Stark also doesn’t think the ways people meet and date these days are as intimate and honest as they could be.

“I just wish two people could say how they really feel,” saysStarkman. “Without fearing the repercussions of breaking the rules or not playing the game.”

The game, today, is playing hard to get — men and women hide their true feelings, which can be turn-offs.

But in Victorian times, people were expected to declare their intentions. If a man fancied a woman, she could expect flowers the morning after a party. And if she received a pair of gloves from a gentleman, she wore them to church to show that the feeling was mutual.

Getting to white gloves was a challenge in itself — men used to have to be formally introduced by someone else before they could talk to a woman. Once acquainted, the couple had the chance to make small talk but not without a chaperone. The man could escort his date home with the woman’s permission, but there was never any inviting in for coffee.

Although seemingly bureaucratic, Victorian love was to be treasured because of these layers of lustful red tape. It also clearly defined gender roles.

“I like a guy who can take charge and make the first move because it shows he’s confident. I’m very independent but I’m also just a girl who wants to be able to curl up in her boyfriend’s arms and feel safe,” says Starkman. “But no one just approaches people any more and asks them out.”

Ben Lewis, a communications and culture grad student doesn’t like the rules of Victorian romance, but he also doesn’t like the idea of casual dating. He puts the blame on men. He thinks that guys need to step up their game in the romance department.

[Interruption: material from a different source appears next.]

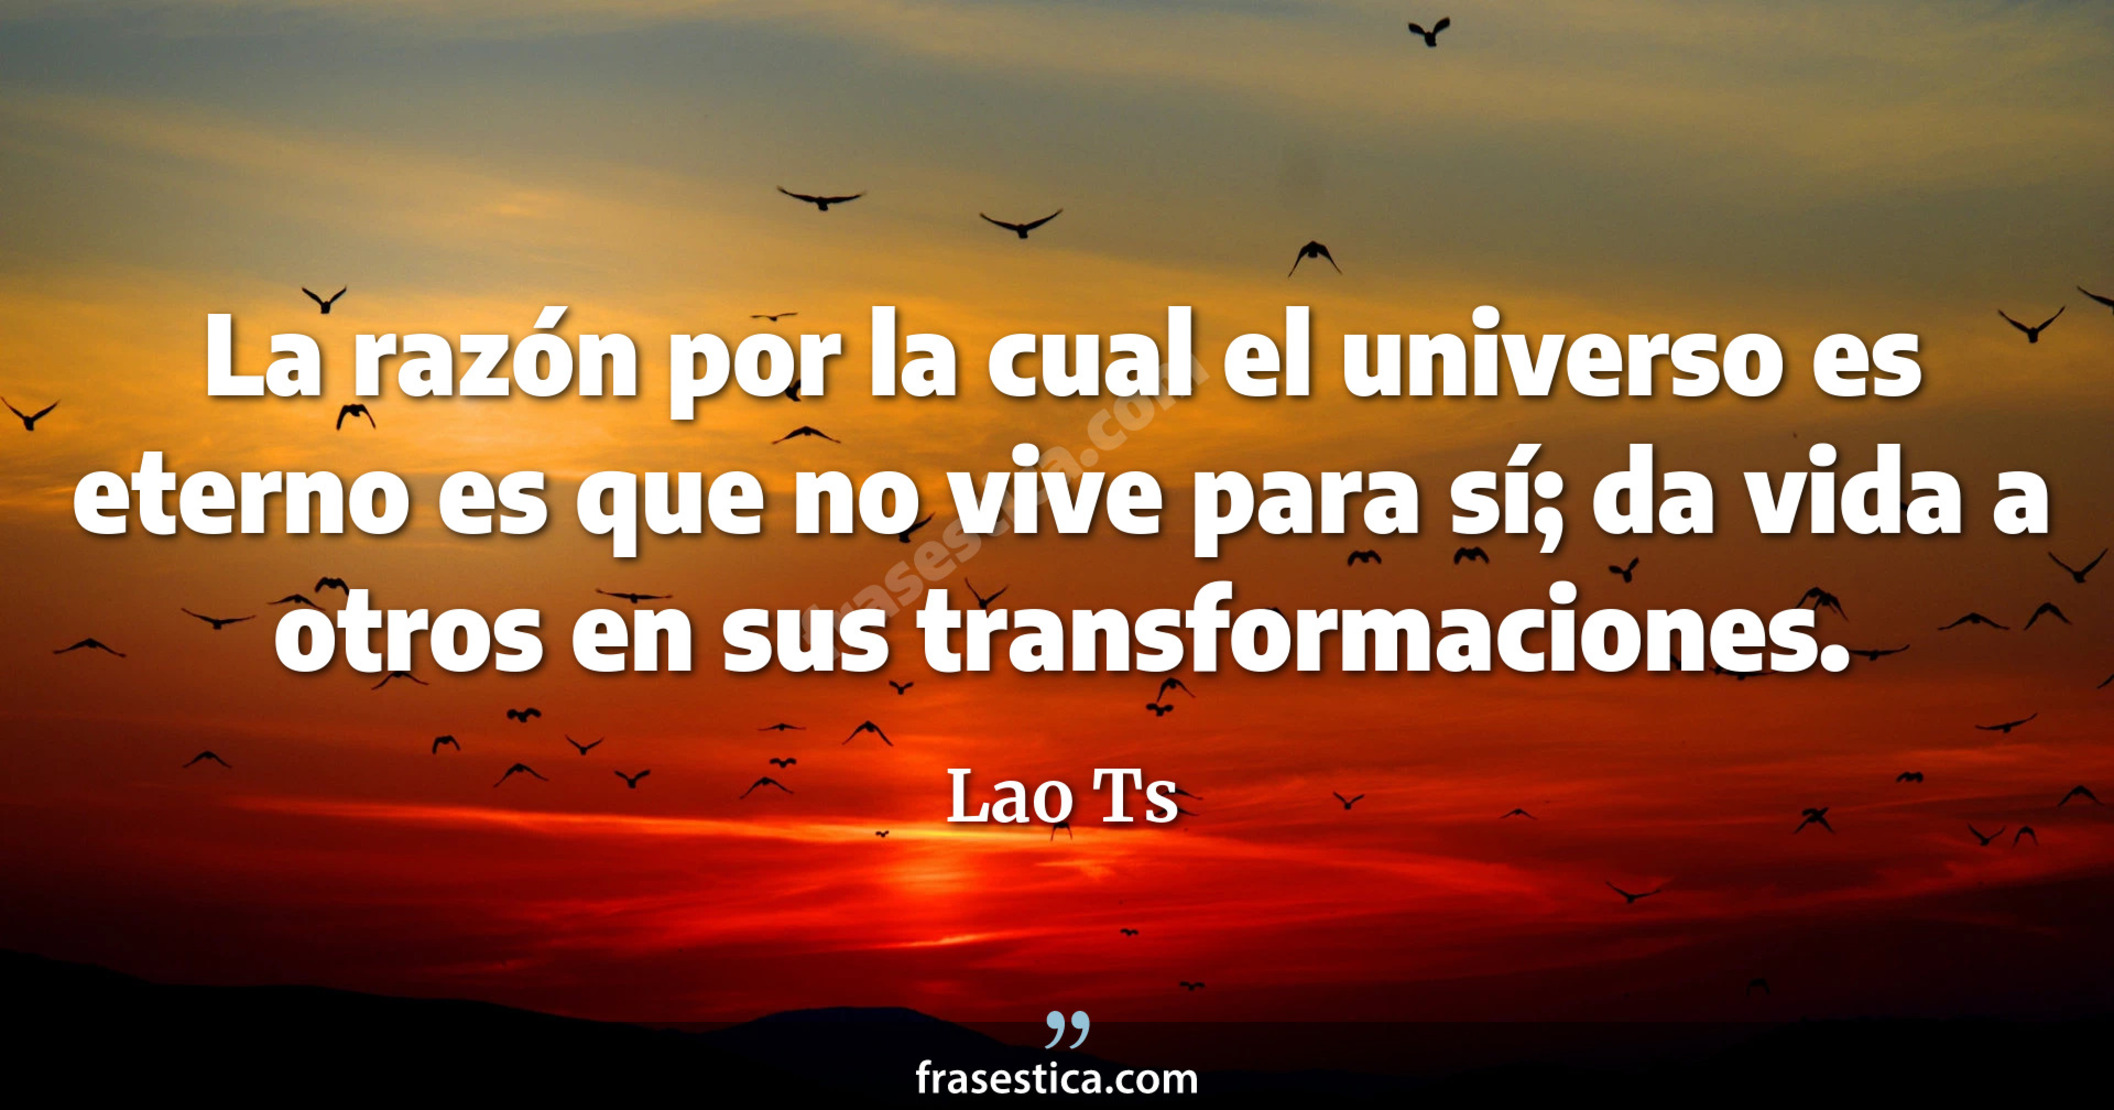 La razón por la cual el universo es eterno es que no vive para sí; da vida a otros en sus transformaciones. - Lao Ts

“Guys in general are lacking,” says Lewis. “I want to bring old romance back. I like it.” He dislikes the consumerism of romance and admires a friend who hand makes all gifts for his fiancé.

Former Ryerson student Abria Young disagrees that chivalry is dead. Instead, she argues it has been modernized. She has accepted modern courtship offers from people at bars and online.

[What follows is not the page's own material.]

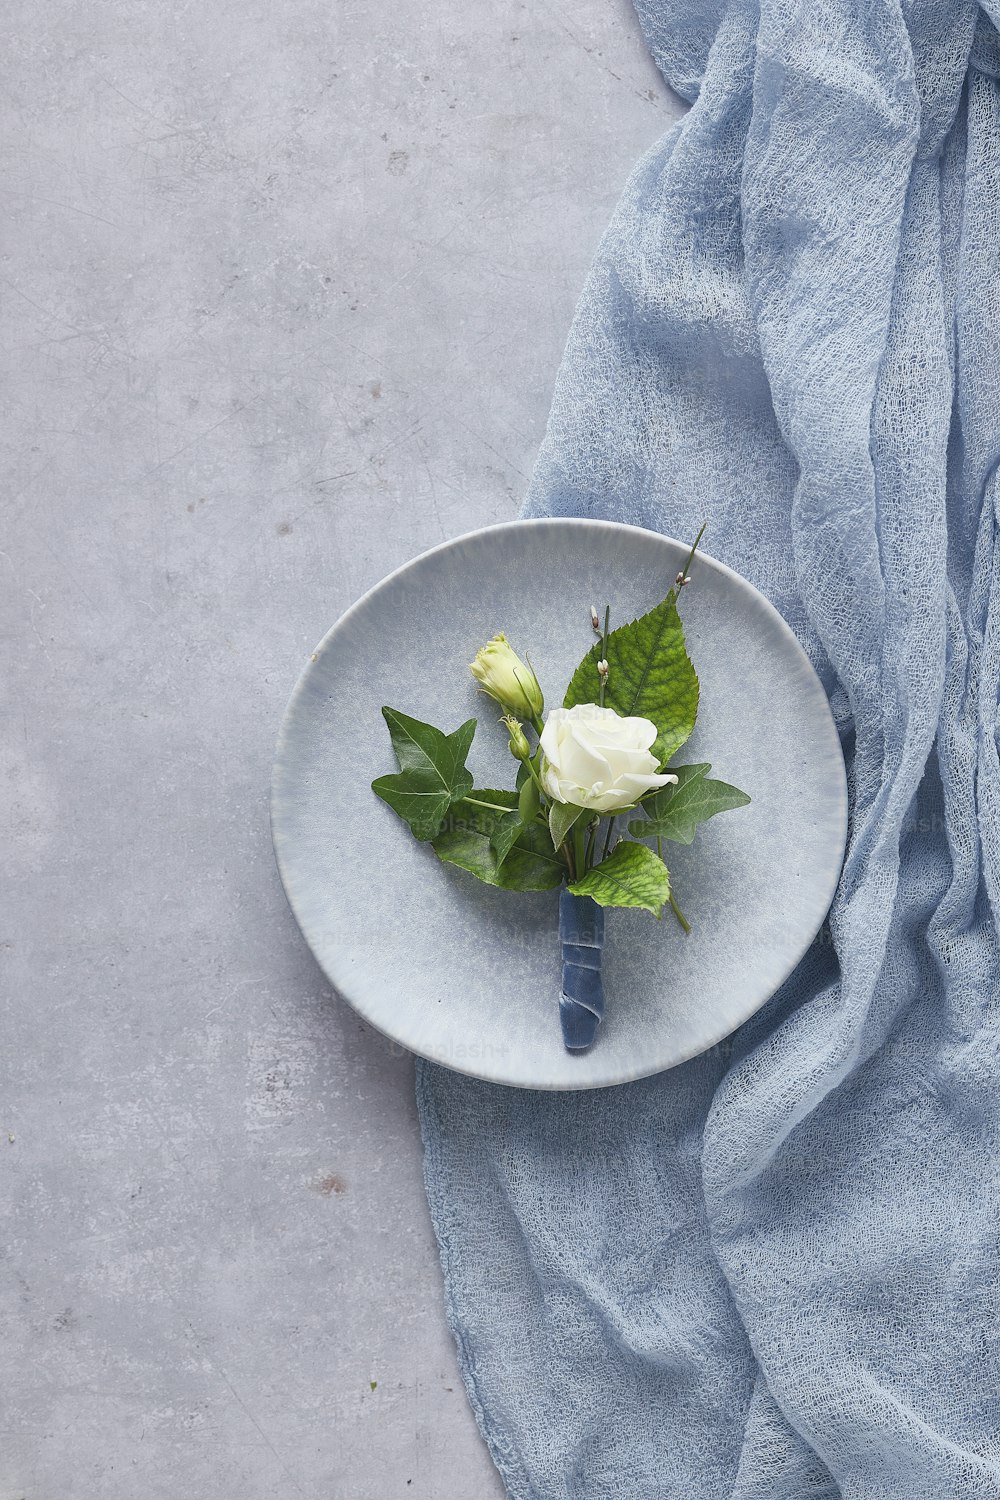 eine weiße Rose auf einem Teller auf einem blauen Tuch

Young met her current boyfriend through a friend who read his profile on and thought he was a good catch. They began e-mailing and talking on MSN.

“We always had a kind of candid, talk-about-anything kind of relationship. And then it just progressed and progressed and I thought, ‘maybe I’ll go meet him,’” says Young. “And then I did and it was great.”

She says meeting someone and developing a relationship online is better than the Victorians’ uptight rules.

“On Lavalife you can send smiles for free. Then there is also instant messaging you pay for and to chat and talk to as many people you want during the time,” Young says.

But while everyone has their own idea of romance, the traditional form of dating is still the preferred method of finding love for Starkman.

“I think old romance isn’t lost, it’s just been overlooked,” says Starkman.

“You don’t have to buy a girl flowers but the idea shouldn’t be pushed aside just because it’s cliché or cheesy.”